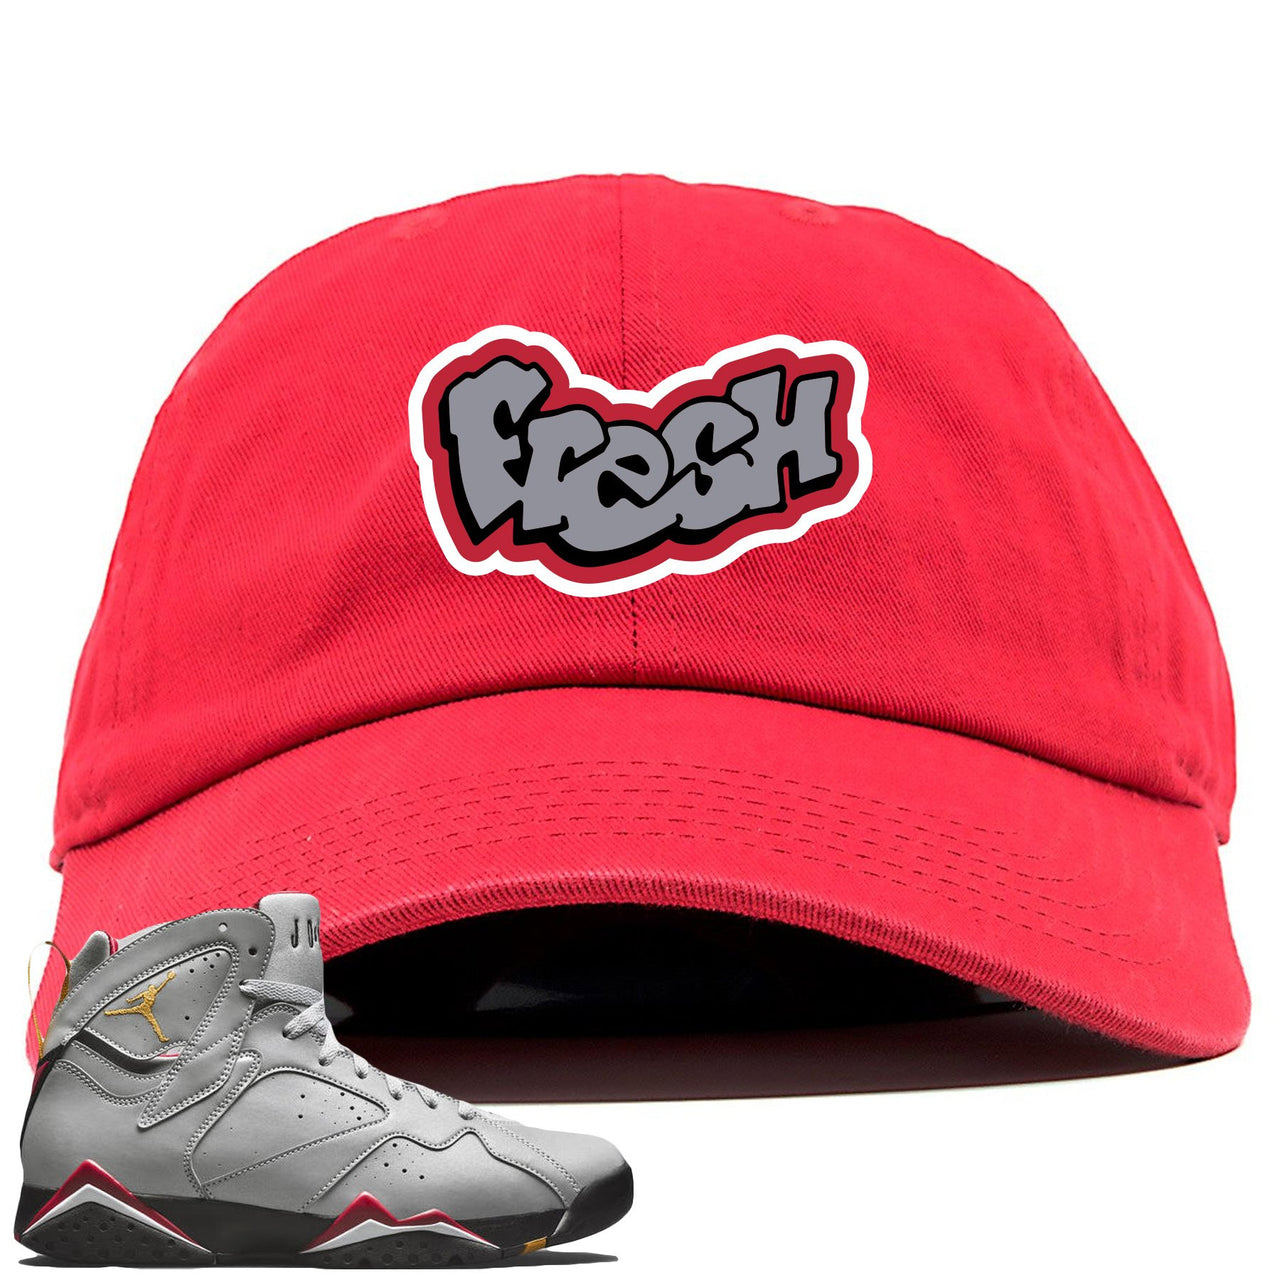 Reflections of a Champion 7s Dad Hat | Fresh Logo, Red
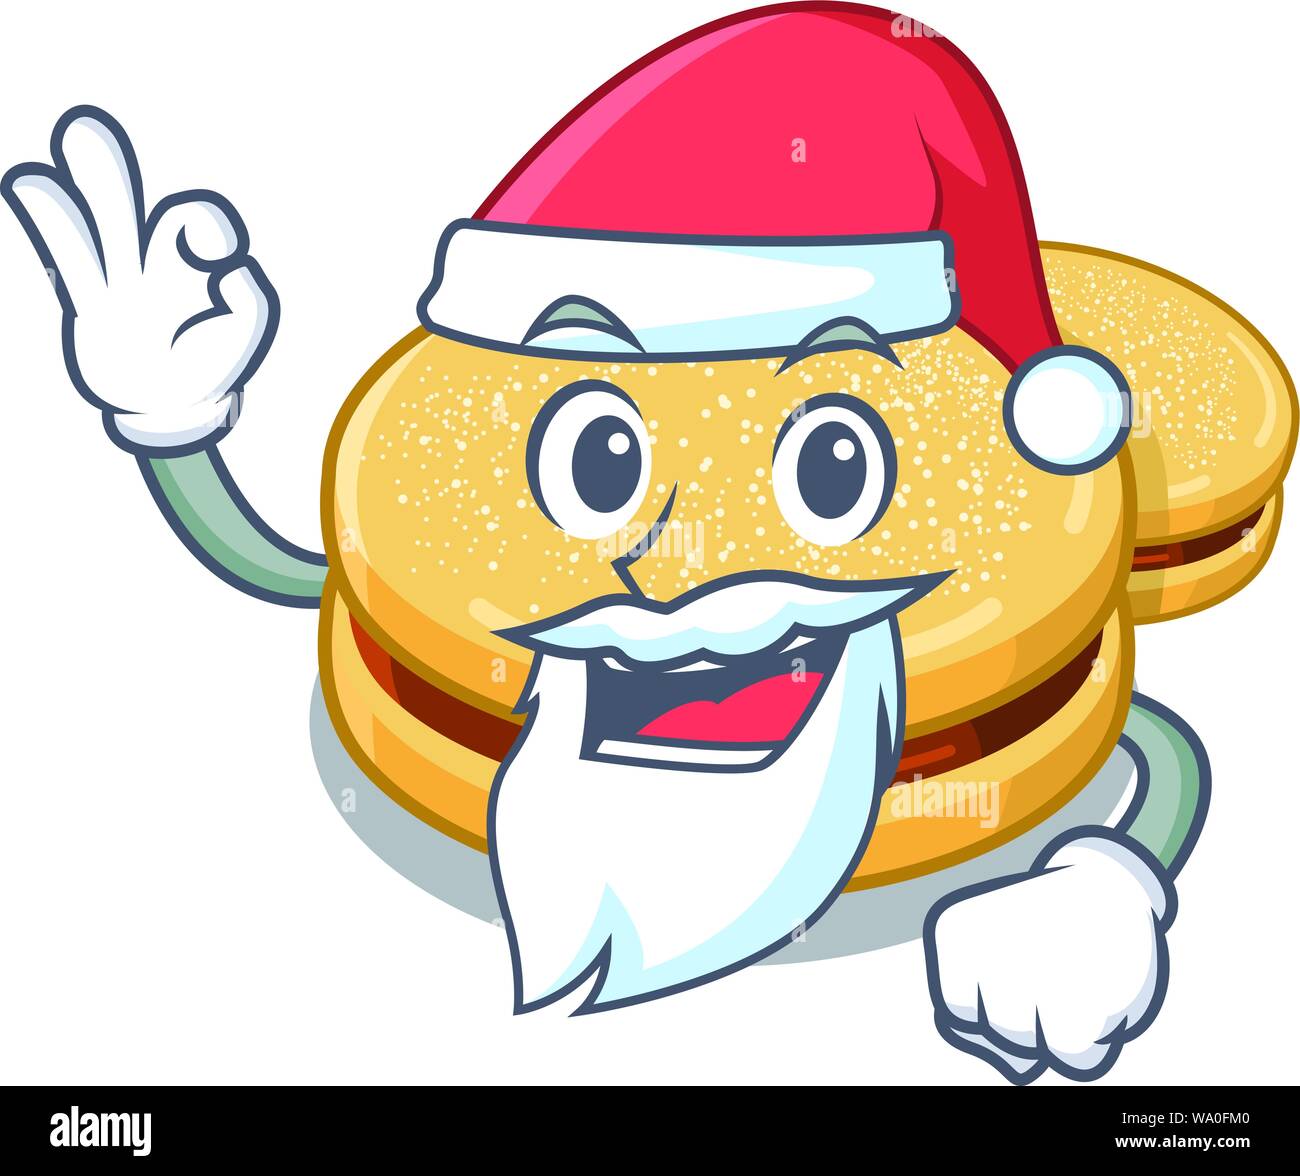 Santa alfajores isolated with in the mascot Stock Vector
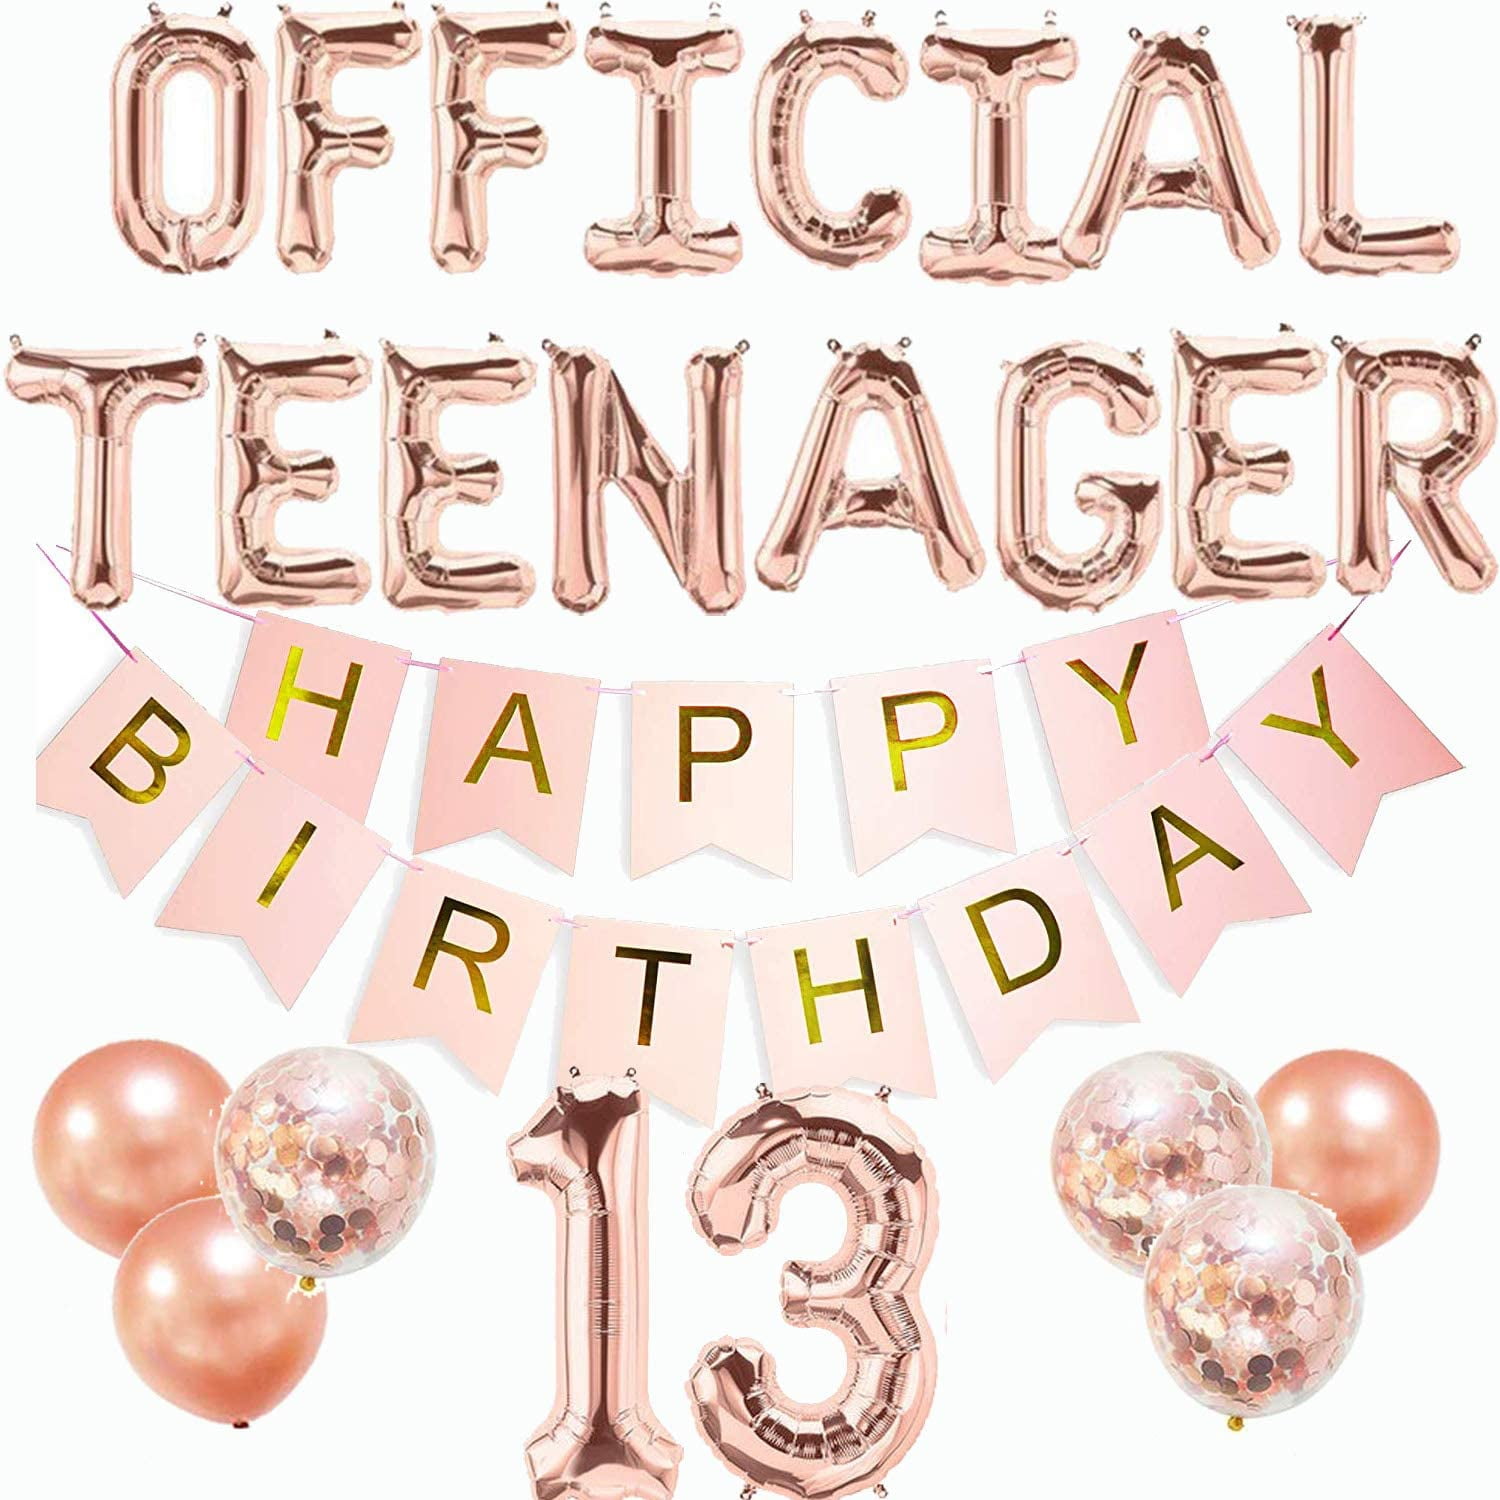 Official Teenager Birthday Decorations 13th Birthday Decorations Girls Boys Official Teenager

========

Exercise details
Repeat exactly the lines from the one containing "Santa alfajores isolated" to the last line of the data above, both included, and write no pictures into the copy.

Answer space
 Santa alfajores isolated with in the mascot Stock Vector
 Official Teenager Birthday Decorations 13th Birthday Decorations Girls Boys Official Teenager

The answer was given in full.